MD Anderson International Foundation, Madrid, Spain.
Mod Pathol. 2017 Jan;30(1):134-145. doi: 10.1038/modpathol.2016.143. Epub 2016 Sep 2.
Endometrial cancer is the most common cancer of the female genital tract in developed countries. Although the majority of endometrial cancers are diagnosed at early stages and the 5-year overall survival is around 80%, early detection of these tumors is crucial to improve the survival of patients given that the advanced tumors are associated with a poor outcome. Furthermore, correct assessment of the pre-clinical diagnosis is decisive to guide the surgical treatment and management of the patient. In this sense, the potential of targeted genetic sequencing of uterine aspirates has been assessed as a pre-operative tool to obtain reliable information regarding the mutational profile of a given tumor, even in samples that are not histologically classifiable. A total of 83 paired samples were sequenced (uterine aspirates and hysterectomy specimens), including 62 endometrioid and non-endometrioid tumors, 10 cases of atypical hyperplasia and 11 non-cancerous endometrial disorders. Even though diagnosing endometrial cancer based exclusively on genetic alterations is currently unfeasible, mutations were mainly found in uterine aspirates from malignant disorders, suggesting its potential in the near future for supporting the standard histologic diagnosis. Moreover, this approach provides the first evidence of the high intra-tumor genetic heterogeneity associated with endometrial cancer, evident when multiple regions of tumors are analyzed from an individual hysterectomy. Notably, the genetic analysis of uterine aspirates captures this heterogeneity, solving the potential problem of incomplete genetic characterization when a single tumor biopsy is analyzed.

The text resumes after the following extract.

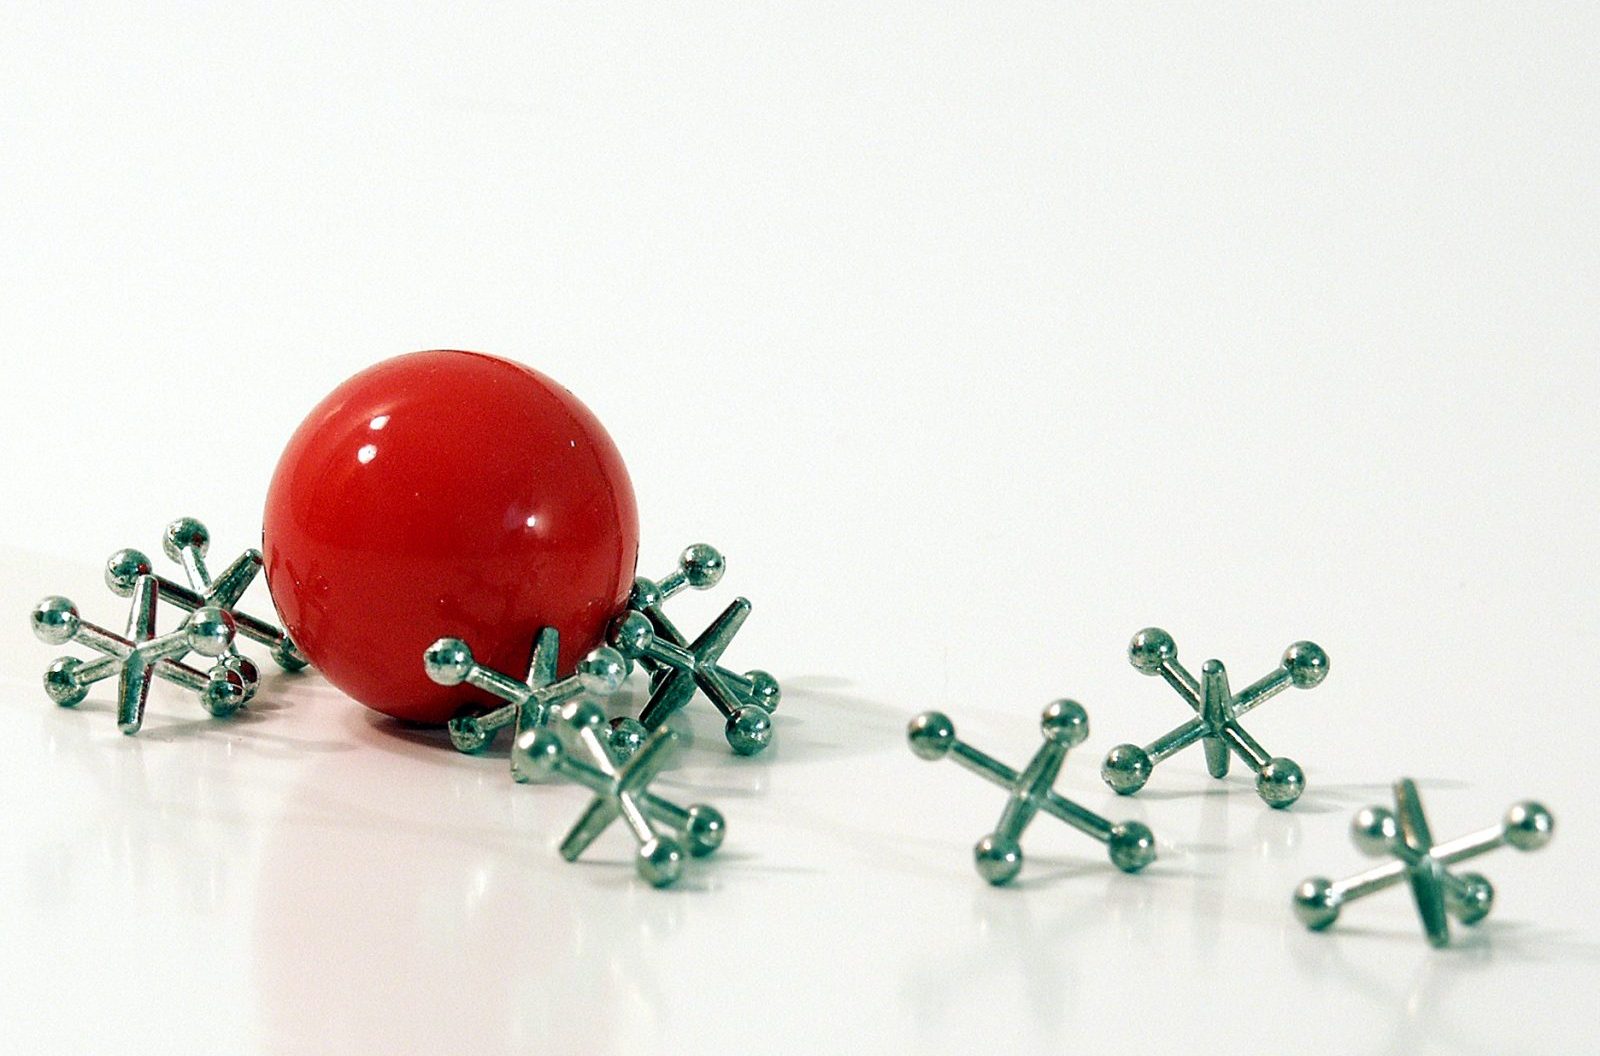 Una pequeña y brillante pelota roja junto a varios jacks de metal sobre un fondo blanco.
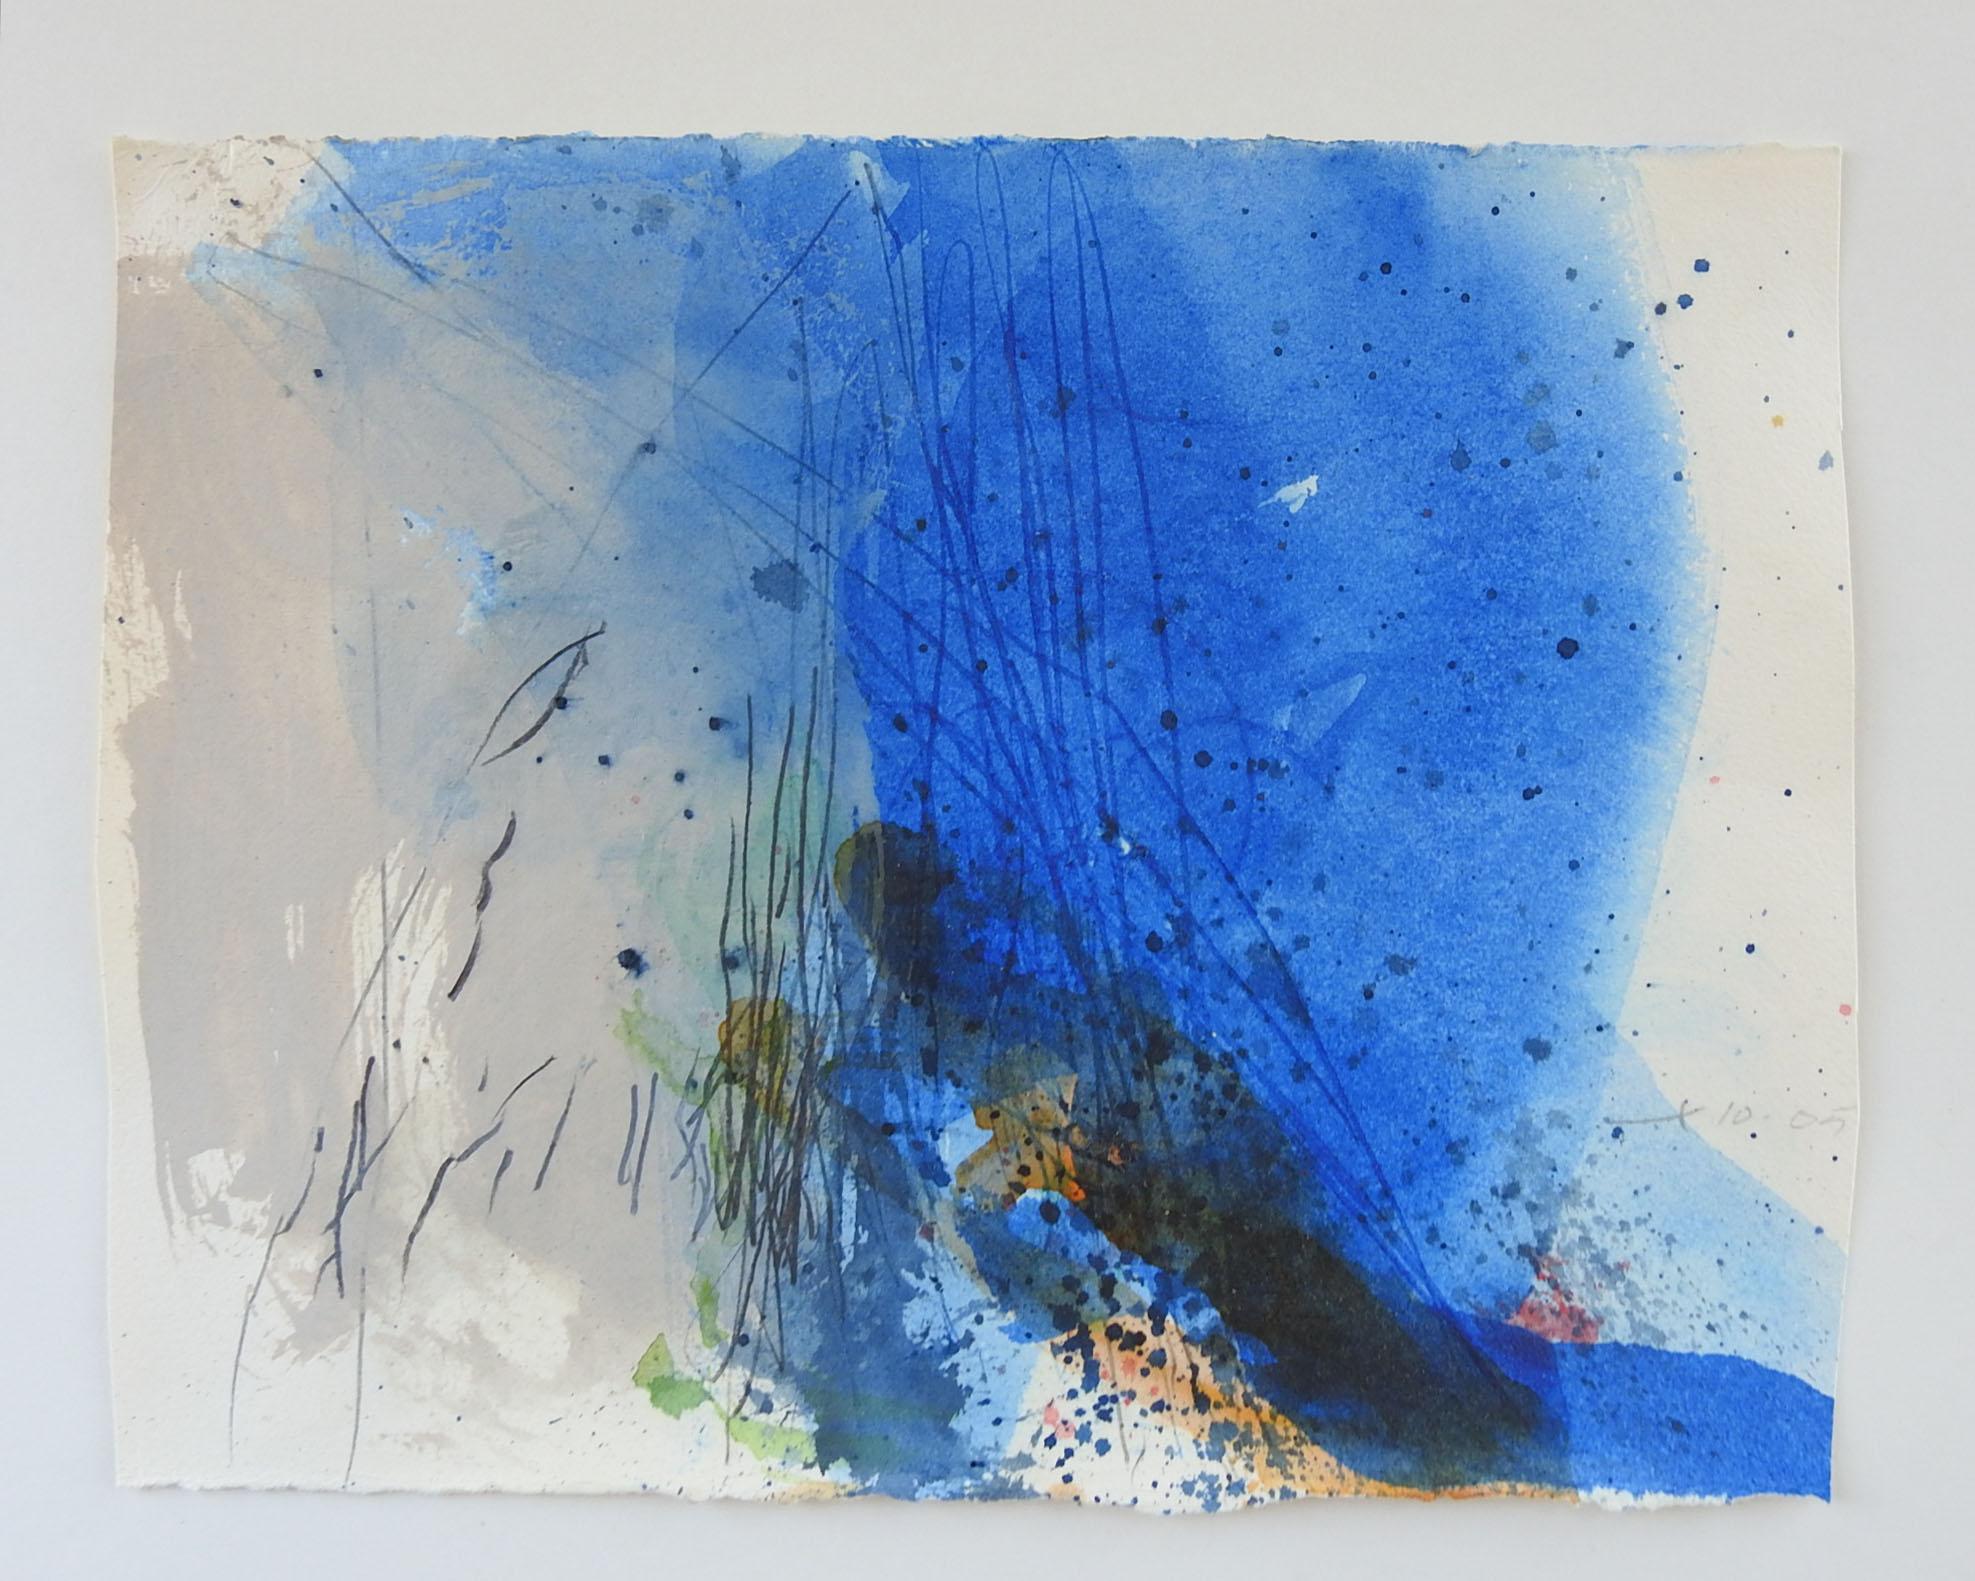 Vintage Aquarell und Mischtechnik abstrakte Malerei von Künstler George Turner ( 1943-2014) Illinois.  auf Aquarellpapier. Das Werk ist in der rechten unteren Ecke mit Bleistift signiert und datiert. Ungerahmt, ungleichmäßiger Randbeschnitt.

子宫内膜癌是发达国家女性生殖道最常见的癌症。尽管大多数子宫内膜癌在早期被诊断出来,5年总生存率约为80%,但鉴于晚期肿瘤预后较差,早期发现这些肿瘤对于提高患者生存率至关重要。此外,正确评估临床前诊断对于指导患者的手术治疗和管理具有决定性意义。从这个意义上讲,子宫吸出物的靶向基因测序作为一种术前工具的潜力已得到评估,以获取有关特定肿瘤突变谱的可靠信息,即使是在组织学上无法分类的样本中。总共对83对样本(子宫吸出物和子宫切除标本)进行了测序,包括62例子宫内膜样和非子宫内膜样肿瘤、10例非典型增生和11例非癌性子宫内膜疾病。尽管目前仅基于基因改变诊断子宫内膜癌是不可行的,但突变主要在恶性疾病的子宫吸出物中发现,这表明其在不久的将来支持标准组织学诊断的潜力。此外,这种方法首次证明了与子宫内膜癌相关的肿瘤内高度基因异质性,当从单个子宫切除标本中分析肿瘤的多个区域时很明显。值得注意的是,子宫吸出物的基因分析捕捉到了这种异质性,解决了分析单个肿瘤活检时基因特征不完整的潜在问题。